Baseado num poema de Woodworth sobre a nostalgia da infância, "Splendor in the Grass", "Clamor do Sexo" aqui no Brasil, é o primeiro de uma série de filmes de Elia Kazam que decidi assistir depois de ter me apaixonado por "Carta para Elia", o documentário em que Scorcese homenageia o cineasta grego. Retrato da América dos anos 30, o filme que consagrou e juntou na vida real Natalie Wood e Warren Beatty, tem os dois pés na Psicanálise. Deanie Loomies, a garota certinha do Kansas, é apaixonada pelo charmoso Bud Stamper. E ele por ela. Mas a moral da época e a marcação cerrada da família, impedem a moça de dar vazão à sua libido. Numa associação bem fálica, mamãe Loomies recomenda a Deannie antes de dormir : Não deixe o pernilongo te picar ! O pernilongo, no caso o belo herdeiro da família mais rica do pedaço, não se aguenta mais de tesão! E pede um tempo. Até porque concorda em preservar a inocência da namorada.
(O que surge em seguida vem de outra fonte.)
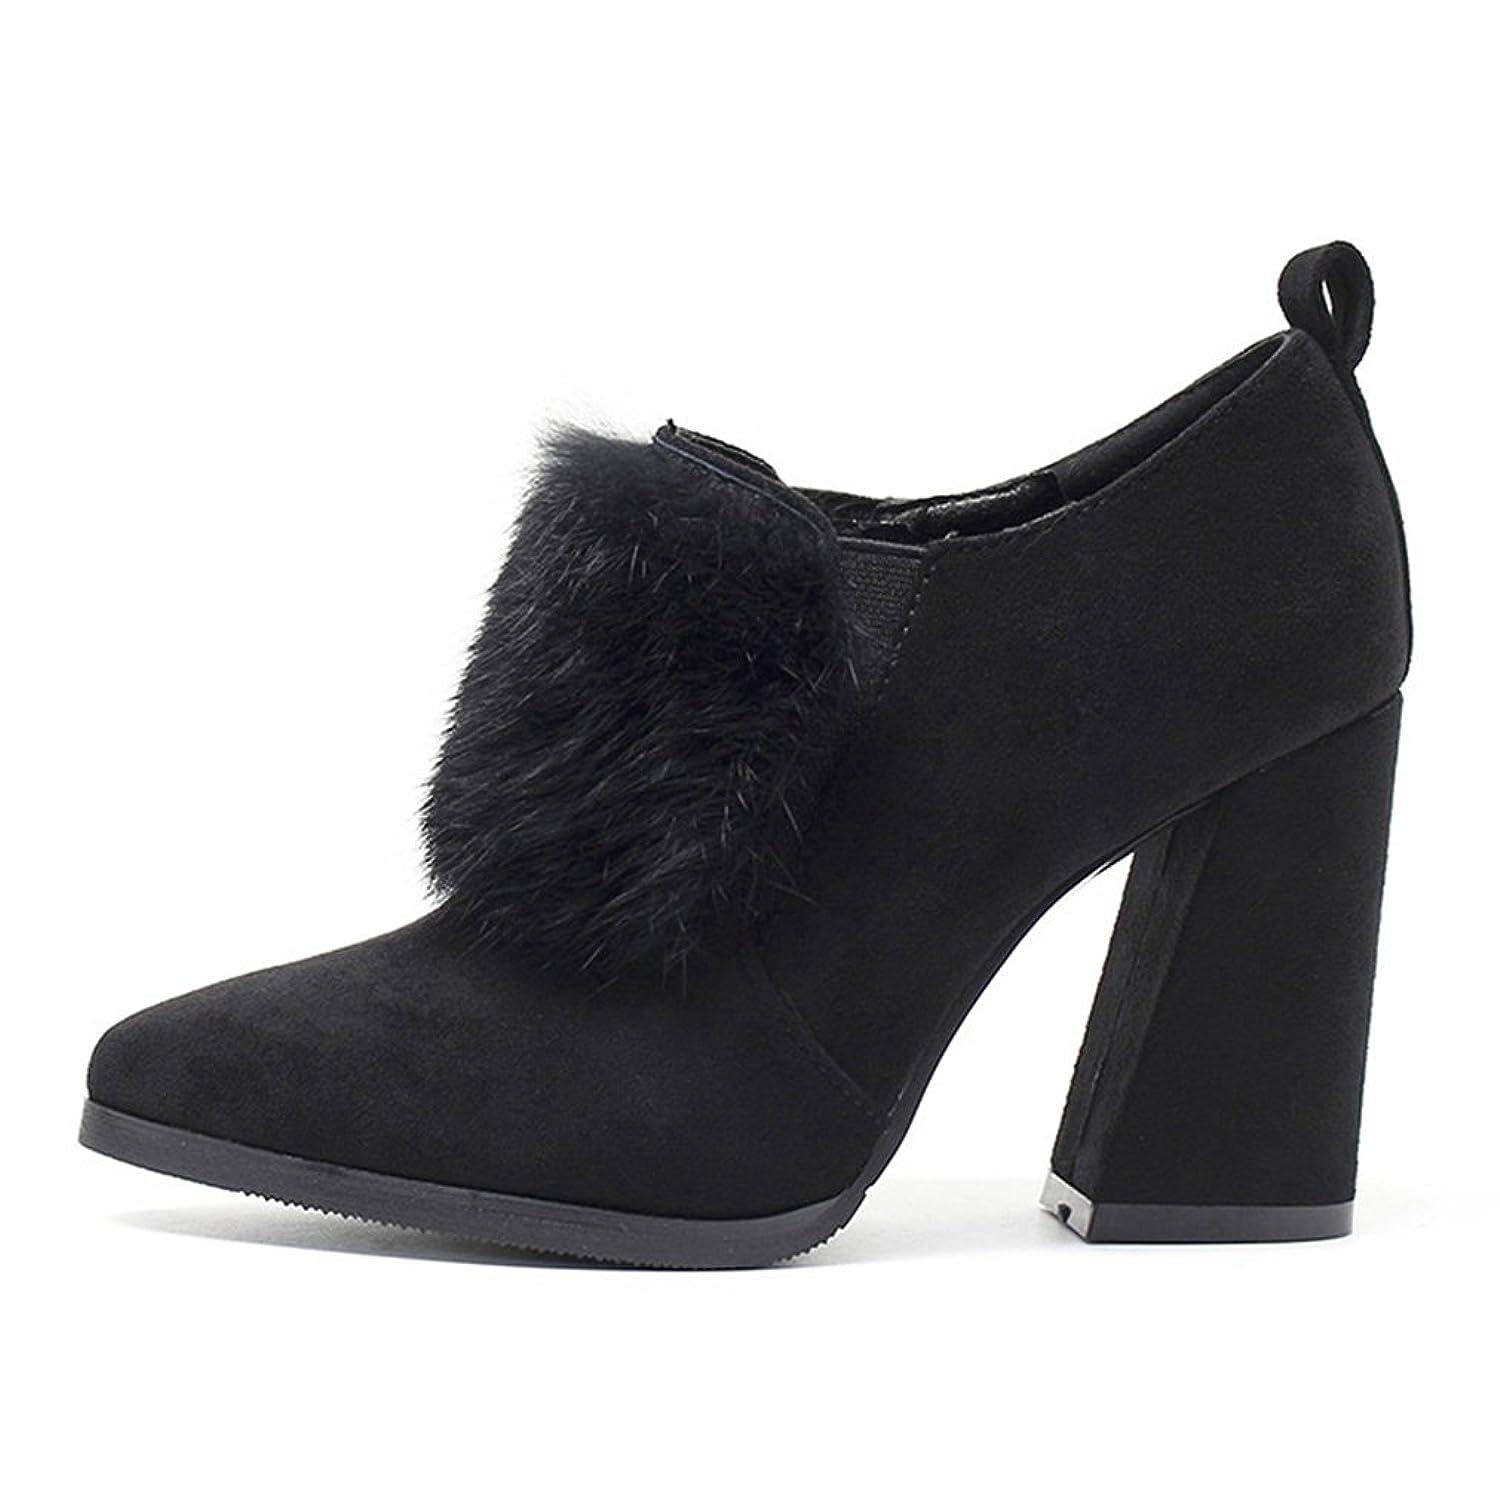 Damen Stiefel Blockabsatz Künstliches Haar Gummilitze Spitze Zehen Abriebfest Gemütlich Elegant Herbst Winter High-Heel Schuhe Schwarz 39 EU -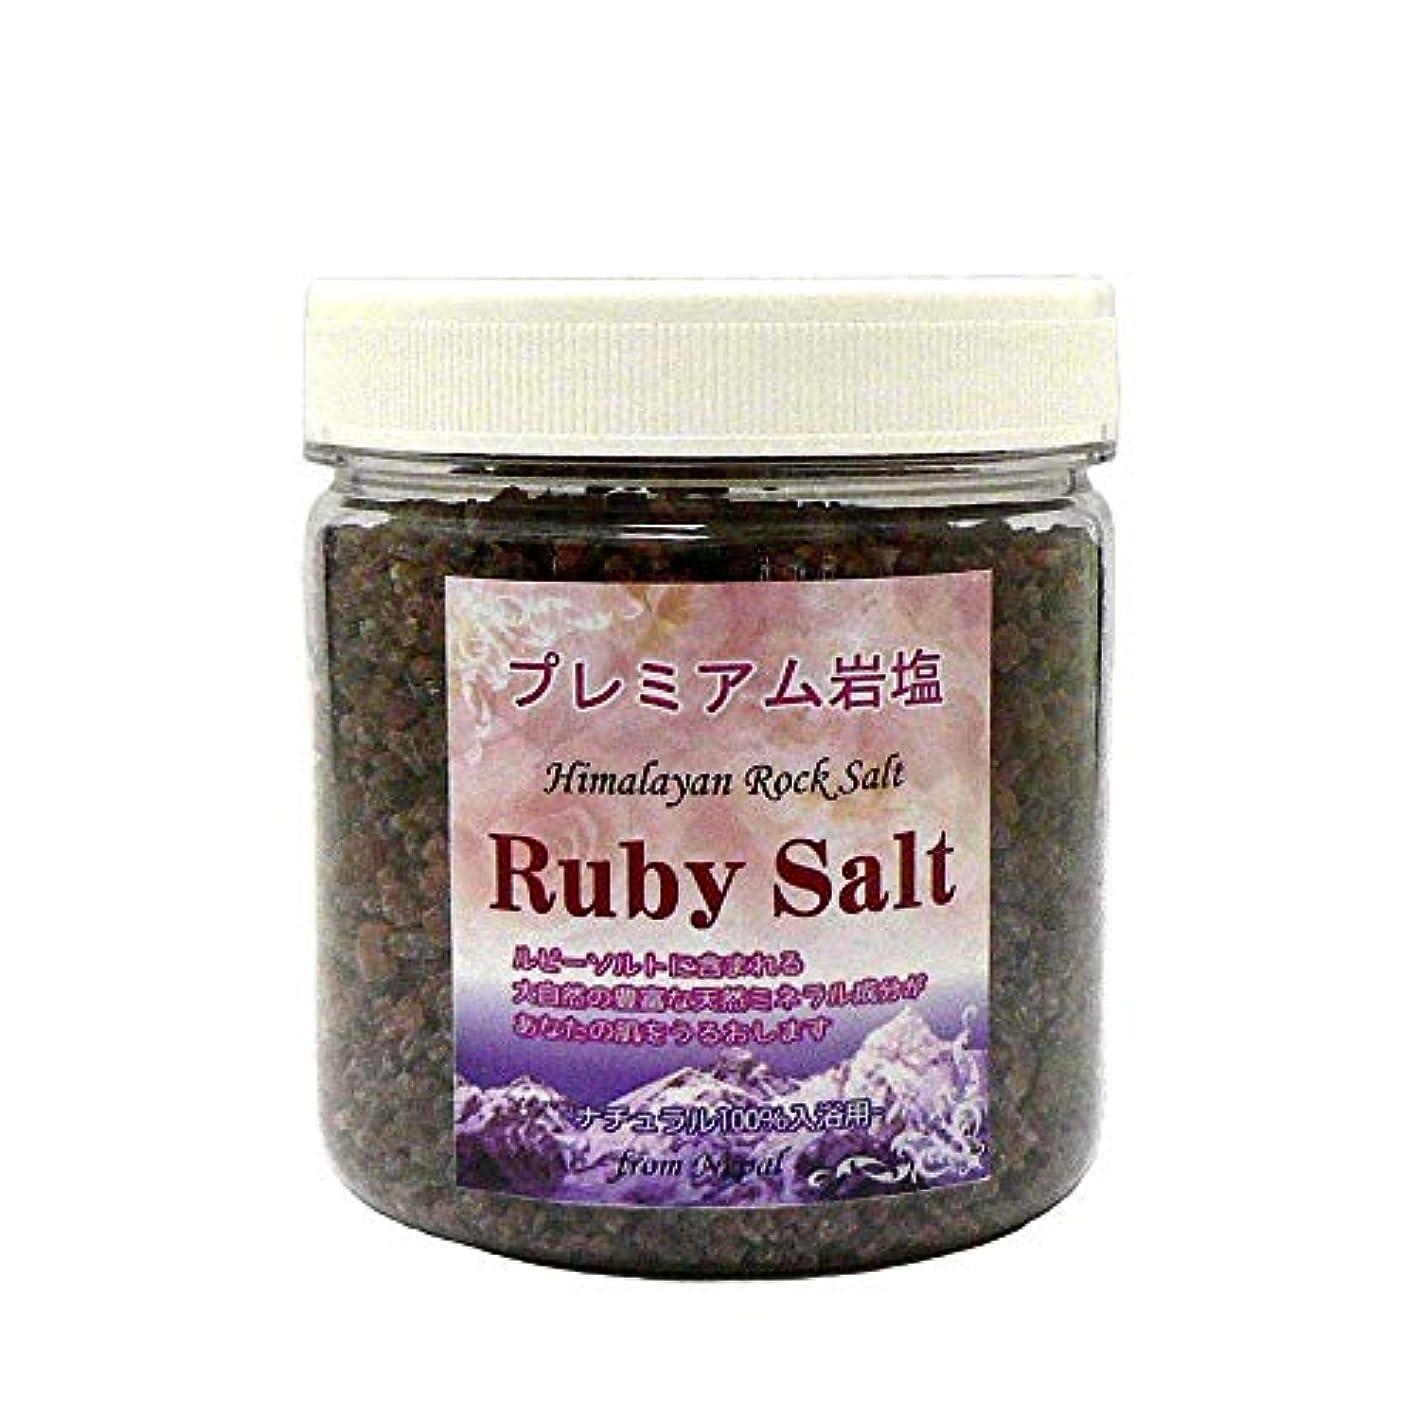 ホバート汚いステージヒマラヤ岩塩 プレミアム ルビーソルト バスソルト(Sサイズ塊り) ルビー岩塩 (600g×2個セット)

Não quer que ela vire uma garota fácil e mal falada como sua irmã Ginny, além de tudo alcólatra. A repressão sexual da moça, provavelmente influenciada pela divulgação dos conceitos freudianos, na época, a leva uma um verdadeiro ataque histérico quando percebe estar perdendo seu grande amor por não ceder aos próprios desejos. Mas esses não são os únicos ingredientes psicanalíticos do filme. A relação de Bud com o pai, que o obriga a ir para a universidade, quando tudo o que deseja é cuidar da fazenda da família, tem elementos edipianos: o rapaz só concretiza seu sonho depois da morte do velho. Pra completar, numa época em que psicanalise e psiquiatria andavam de mãos dadas, é na clínica do Dr. Judd que nossa Deanie experimenta o divã. Se o analista consegue curá-la, não ficamos sabendo. Mas depois da clínica, a moça reúne forças pra encarar aquele passado que aos olhos da sua mãe parecia tão ameaçador. Revendo Bud no papel de criador de porcos e marido da filha da pizzaiola, com um filho no colo e outro na barriga da patroa, ela se toca do quanto havia de fantasia naquele amor, e do quanto a vidinha pacata na fazenda não tinha nada a ver com ela.